Ekuitas energi terbarukan melihat dorongan besar pada tahun 2020, tetapi mereka memiliki stok minyak dan gas yang berkinerja buruk dan pasar yang lebih luas sejak awal 2022. Gambar: Pusat Pusat Kebijakan Energi Global Universitas Columbia

Namun, Chew mengatakan bahwa ada sejumlah tailwinds struktural, yang “tetap selaras dengan masa depan yang lebih disesuaikan dengan iklim”, yang tidak dapat diabaikan oleh para investor dengan orientasi jangka panjang, termasuk perang dagang Trump.

“Munculnya konflik kekuatan besar dan perang tarif mungkin menghasilkan hubungan perdagangan yang lebih dekat antara Cina – produsen teknologi rantai nilai energi bersih terbesar di dunia – dan negara -negara berkembang, yang dapat memberikan permintaan penggantian untuk rantai pasokan energi hijau,” katanya.

Menurut data Comtrade Perserikatan Bangsa -Bangsa, sekitar setengah dari semua ekspor peralatan tenaga surya dan angin Tiongkok serta EV sekarang pergi ke Global South, dengan ekonomi berkembang mendorong sebagian besar pertumbuhan volume ekspor baru -baru ini.

Pada akhir 2024, lima importir teratas teknologi tenaga angin Tiongkok adalah Afrika Selatan, Mesir, Chili, Brasil dan Uzbekistan, sedangkan lima pasar pertumbuhan terbesar untuk Solar Arab Saudi, Pakistan, Uzbekistan, india dan India.

Mengingat bahwa pemerintahan AS sebelumnya telah menggunakan tarif yang ditargetkan di EV Cina dan impor matahari yang dibuat oleh perusahaan -perusahaan Cina di Asia Tenggara, sebagian besar pasokan Cleantech di negara itu sekarang bersumber dari produsen lain, kata Think Tank Pusat Penelitian tentang Energi dan Udara Bersih (CREA) Awal tahun ini.

Hanya 4 persen dari ekspor Solar, Wind dan EV China yang saat ini pergi ke AS – sebagian kecil dibandingkan dengan ekspor AS secara keseluruhan di negara itu, kata analis CREA.

Pergeseran struktural dalam bantuan energi bersih

Tumbuhnya Permintaan Energi – Sebagian karena penggunaan yang melonjak kecerdasan buatan – adalah pergeseran struktural lain yang dapat menopang pembangunan energi terbarukan yang dipercepat, kata Chew.

“Kita hidup di dunia bukan energi ini atau itu, tetapi semakin banyak energi. Kita hidup dalam realitas penambahan energi,” katanya. “Jadi, meskipun ada pivot yang diakui di AS kembali ke energi tradisional, akan ada lebih dari permintaan yang cukup untuk menjaga teknologi energi terbarukan yang digunakan dengan baik dan tumbuh sepanjang periode ini.”

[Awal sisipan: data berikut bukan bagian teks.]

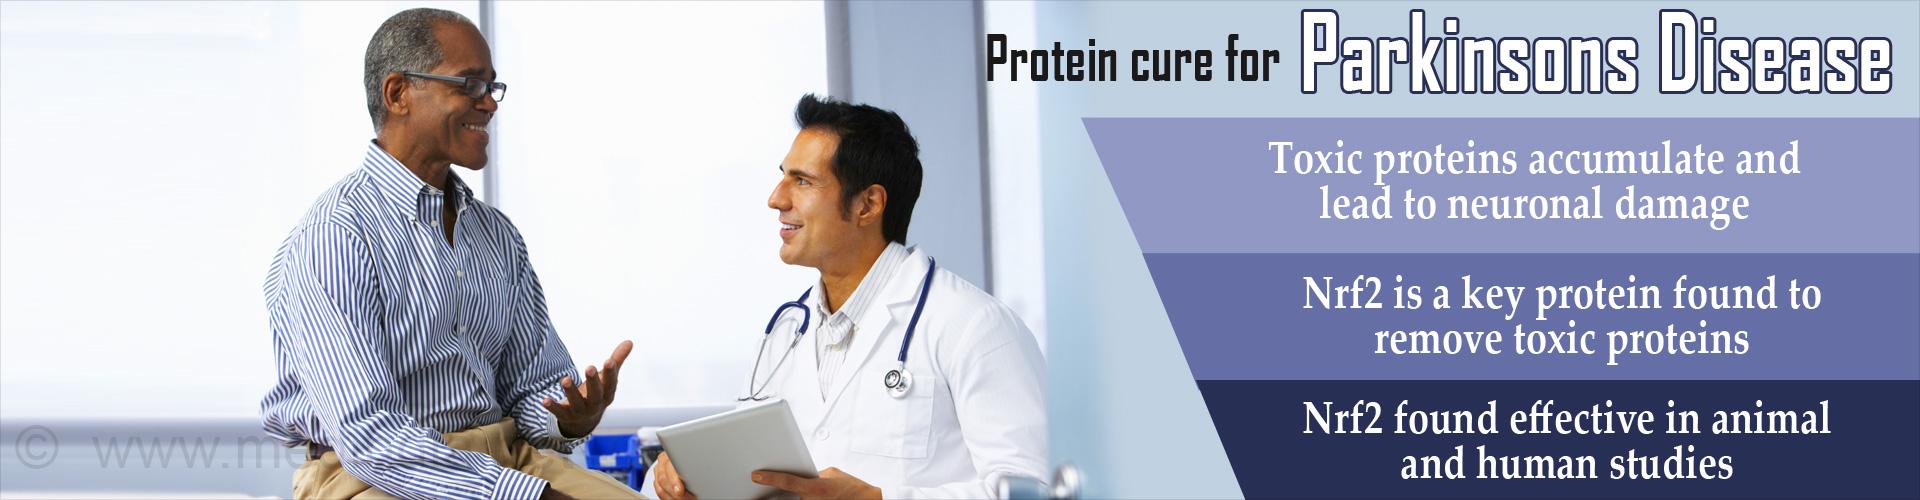 Protein Found  Effective Against Parkinson�s Disease

Terkait, pemerasan daya akan berarti kemajuan efisiensi energi harus “meningkatkan,” kata Chew. Kecuali perkembangan ini, beberapa yurisdiksi harus mengatur seberapa cepat pusat data dan hyperscaler-pusat data skala besar yang menawarkan sumber daya komputasi besar-besaran-dapatkan akses ke koneksi daya, katanya.

Pusat teknologi utama di seluruh AS, seperti Virginia Utara, California dan Phoenix, telah mulai menjepit pusat data. Di luar AS, Amsterdam, Dublin dan Singapura telah menerapkan moratorium pusat data dalam beberapa tahun terakhir karena kendala sumber daya.

Ekspansi Grid, yang merupakan “pendahulu keberhasilan penyebaran yang dapat diperbarui”, adalah peluang investasi lain saat ini, kata Chew.

“Ketidakmampuan sistem kisi -kisi dan transmisi untuk menyesuaikan dengan cepat karena pembangkit energi terbarukan telah online … telah memicu beberapa krisis grid yang dapat diamati,” kata Chew, menambahkan bahwa ini telah menyebabkan peningkatan fokus pada manajemen grid yang efektif dan membangun.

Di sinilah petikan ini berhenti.